Angiotensin II type 1 receptor blocker telmisartan induces apoptosis and autophagy in adult T-cell leukemia cells.

FEBS open bio

Tomohiro Kozako, Shuhei Soeda, Makoto Yoshimitsu, Naomichi Arima, Ayako Kuroki, Shinya Hirata, Hiroaki Tanaka, Osamu Imakyure, Nanako Tone, Shin-Ichiro Honda, Shinji Soeda

Affiliations

  1. Department of Biochemistry Faculty of Pharmaceutical Sciences Fukuoka University Japan.
  2. Department of Hematology and Immunology Kagoshima University Hospital Japan; Division of Hematology and Immunology School of Medical and Dental Sciences Center for Chronic Viral Diseases Graduate Kagoshima University Japan.
  3. Division of Hematology and Immunology School of Medical and Dental Sciences Center for Chronic Viral Diseases Graduate Kagoshima University Japan.
  4. Department of Rheumatology and Clinical Immunology Kumamoto University Hospital Japan.
  5. Faculty of Sports and Health Science Fukuoka University Japan.
  6. Department of Pharmaceutical Care and Health Sciences Faculty of Pharmaceutical Sciences Fukuoka University Japan.
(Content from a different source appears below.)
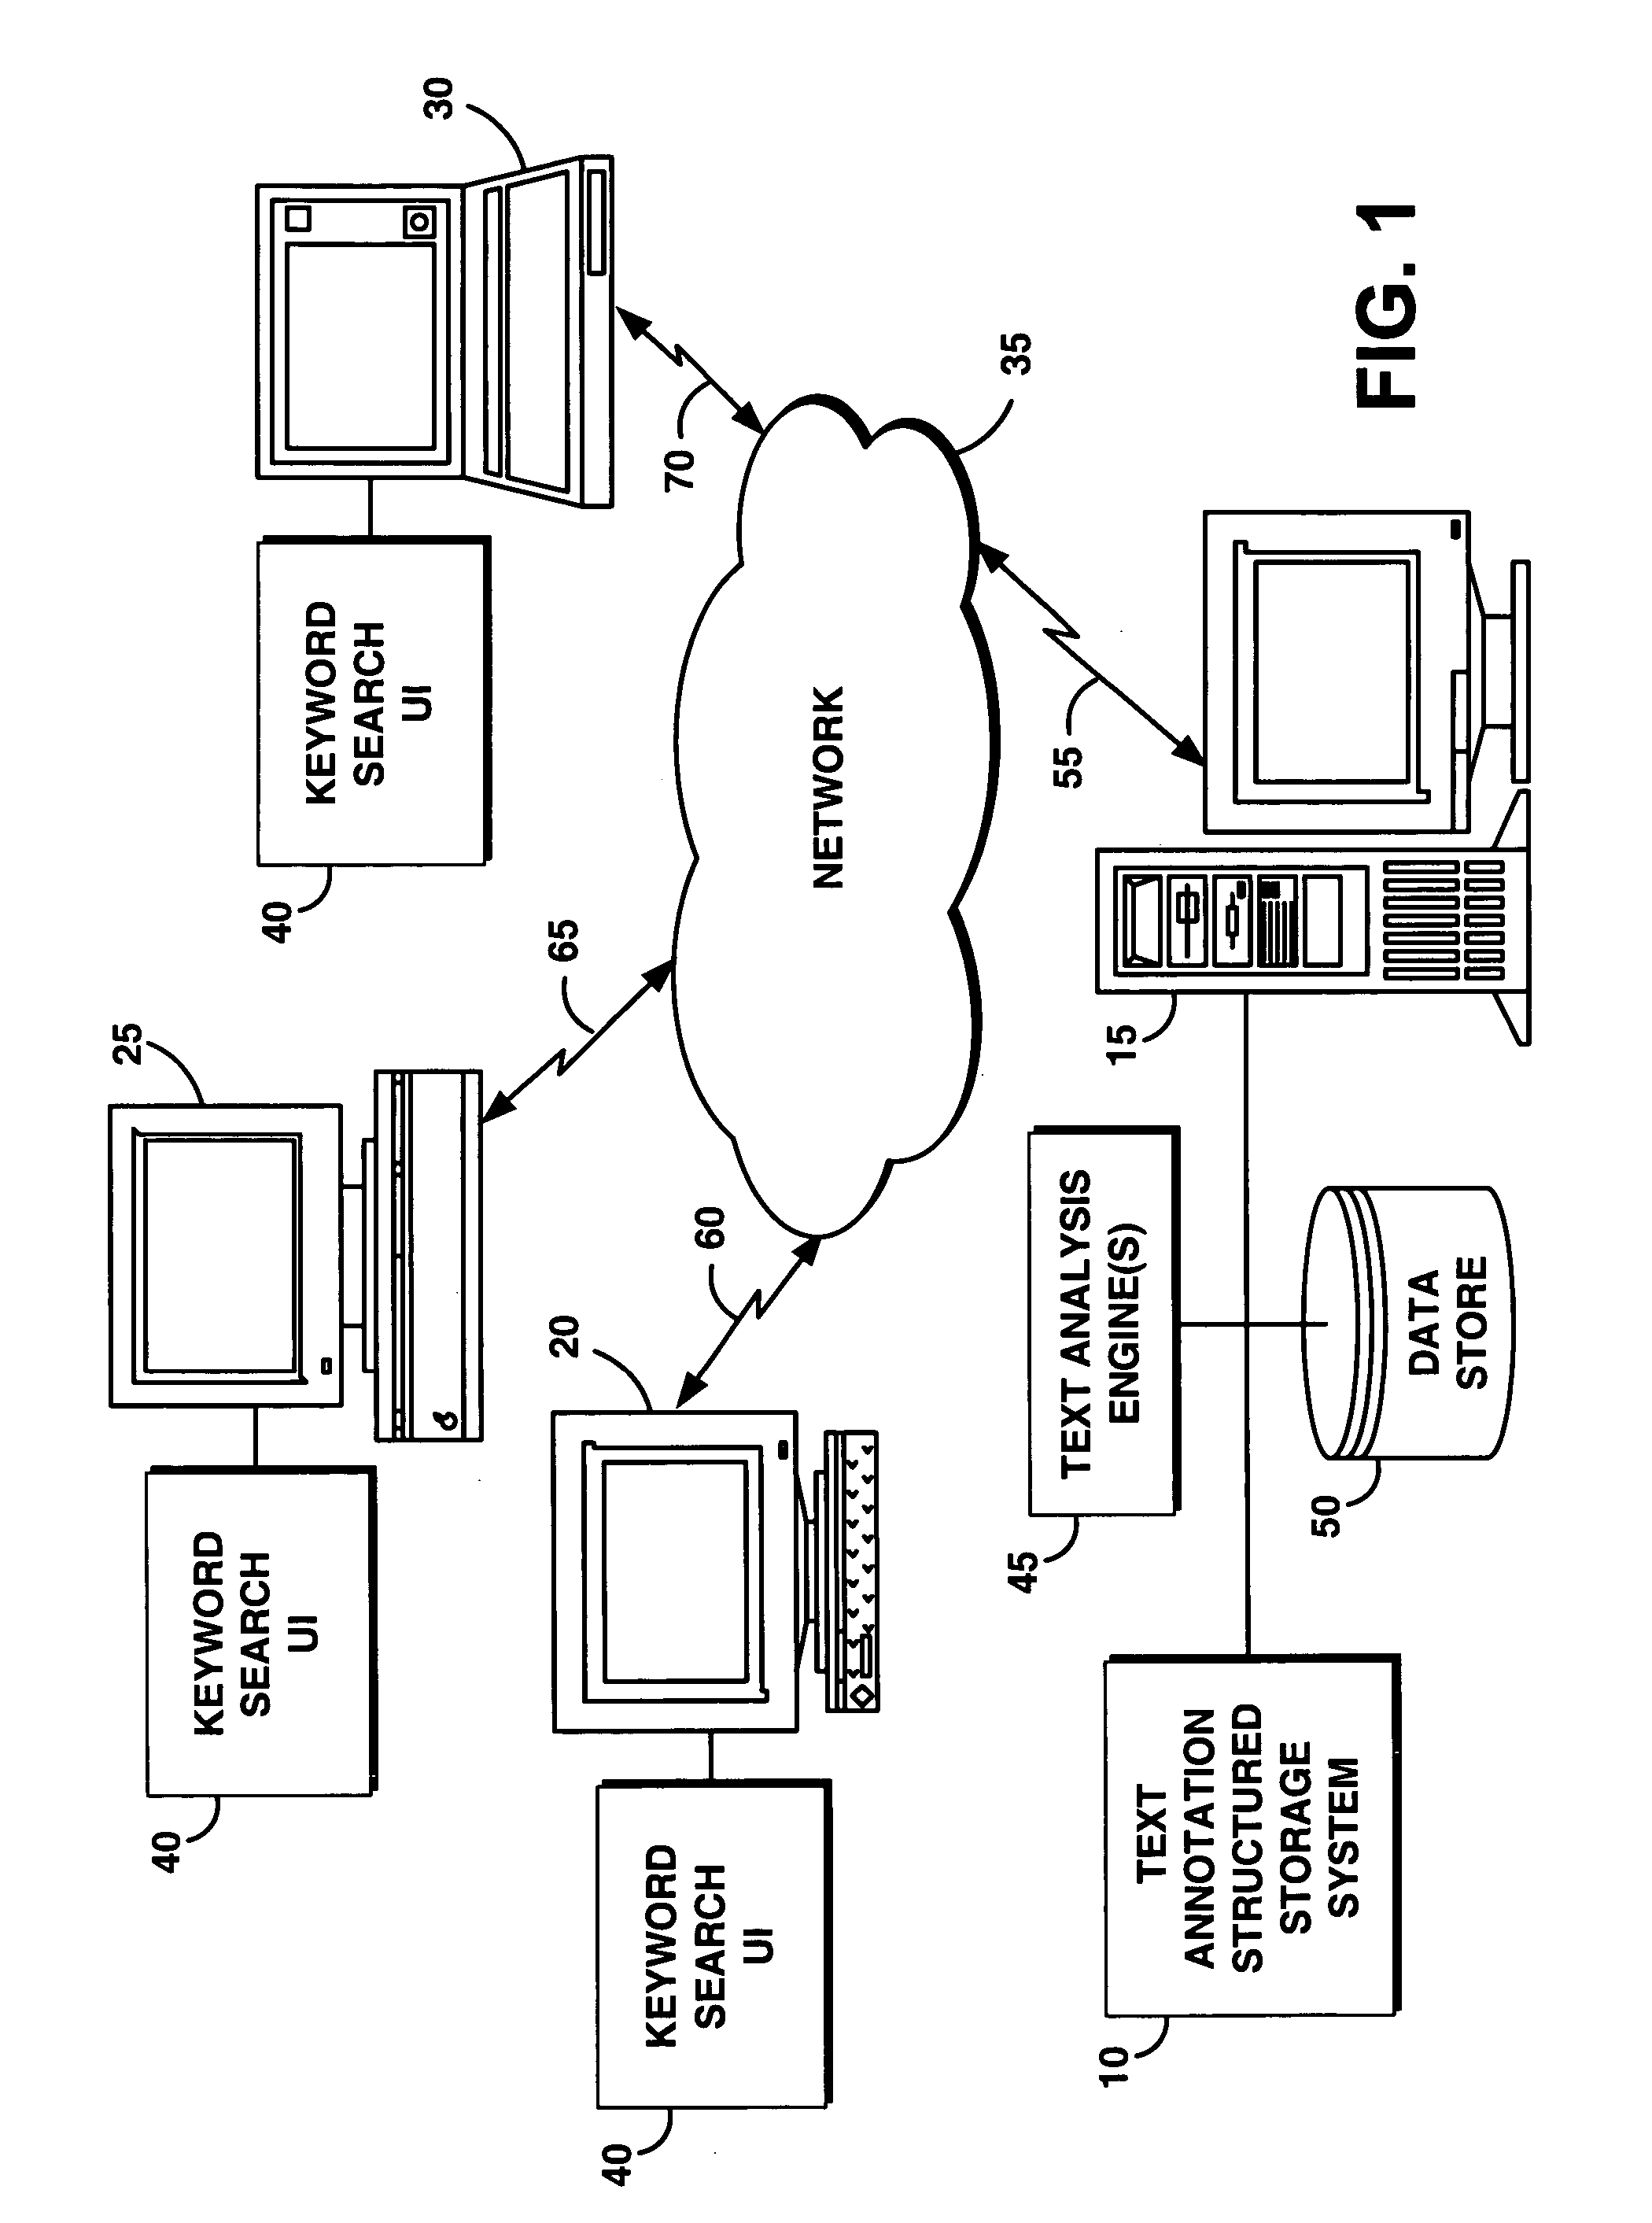 System and method for storing text annotations with associated type information in a structured data store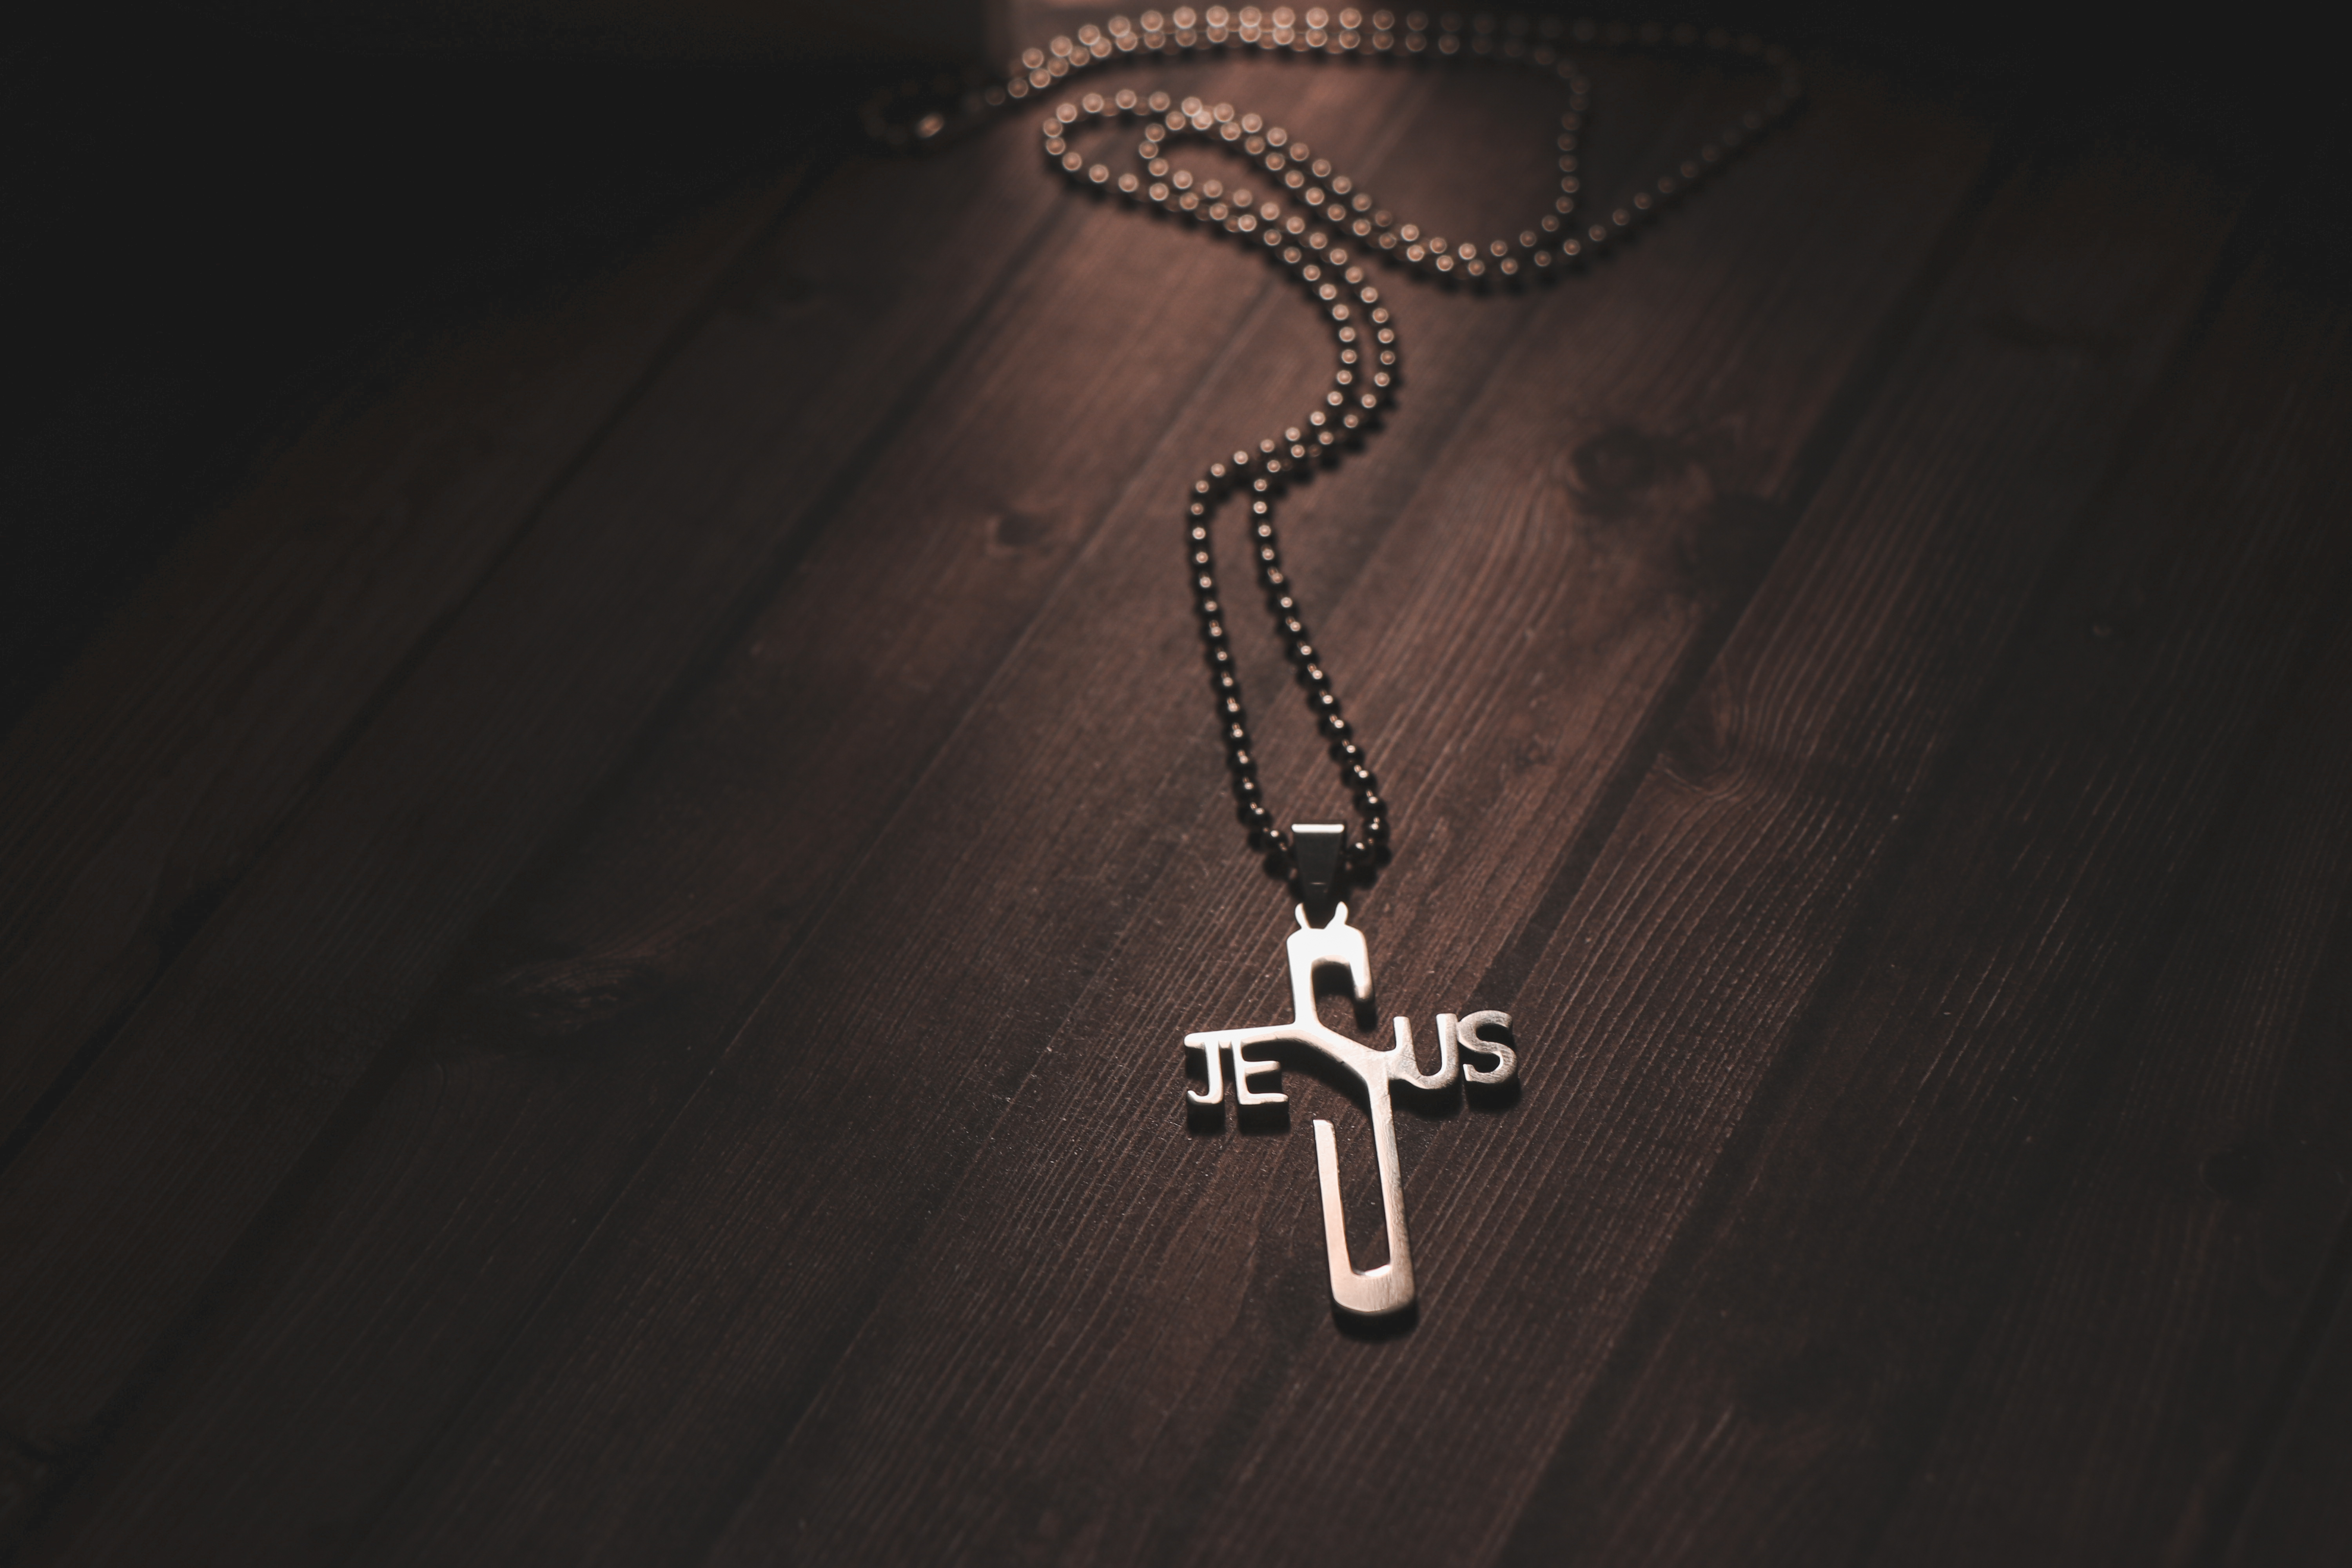 Necklace with Cross Pendant on Wooden Table · Free

PMID: 27419050 PMCID: PMC4856423 DOI: 10.1002/2211-5463.12055

Abstract

Adult T-cell leukemia/lymphoma (ATL), an aggressive T-cell malignancy that develops after long-term infection with human T-cell leukemia virus (HTLV-1), requires new treatments. Drug repositioning, reuse of a drug previously approved for the treatment of another condition to treat ATL, offers the possibility of reduced time and risk. Among clinically available angiotensin II receptor blockers, telmisartan is well known for its unique ability to activate peroxisome proliferator-activated receptor-γ, which plays various roles in lipid metabolism, cellular differentiation, and apoptosis. Here, telmisartan reduced cell viability and enhanced apoptotic cells via caspase activation in ex vivo peripheral blood monocytes from asymptomatic HTLV-1 carriers (ACs) or via caspase-independent cell death in acute-type ATL, which has a poor prognosis. Telmisartan also induced significant growth inhibition and apoptosis in leukemia cell lines via caspase activation, whereas other angiotensin II receptor blockers did not induce cell death. Interestingly, telmisartan increased the LC3-II-enriched protein fraction, indicating autophagosome accumulation and autophagy. Thus, telmisartan simultaneously caused caspase activation and autophagy. A hypertension medication with antiproliferation effects on primary and leukemia cells is intriguing. Patients with an early diagnosis of ATL are generally monitored until the disease progresses; thus, suppression of progression from AC and indolent ATL to acute ATL is important. Our results suggest that telmisartan is highly effective against primary cells and leukemia cell lines in caspase-dependent and -independent manners, and its clinical use may suppress acute transformation and improve prognosis of patients with this mortal disease. This is the first report demonstrating a cell growth-inhibitory effect of telmisartan in fresh peripheral blood mononuclear cells from leukemia patients.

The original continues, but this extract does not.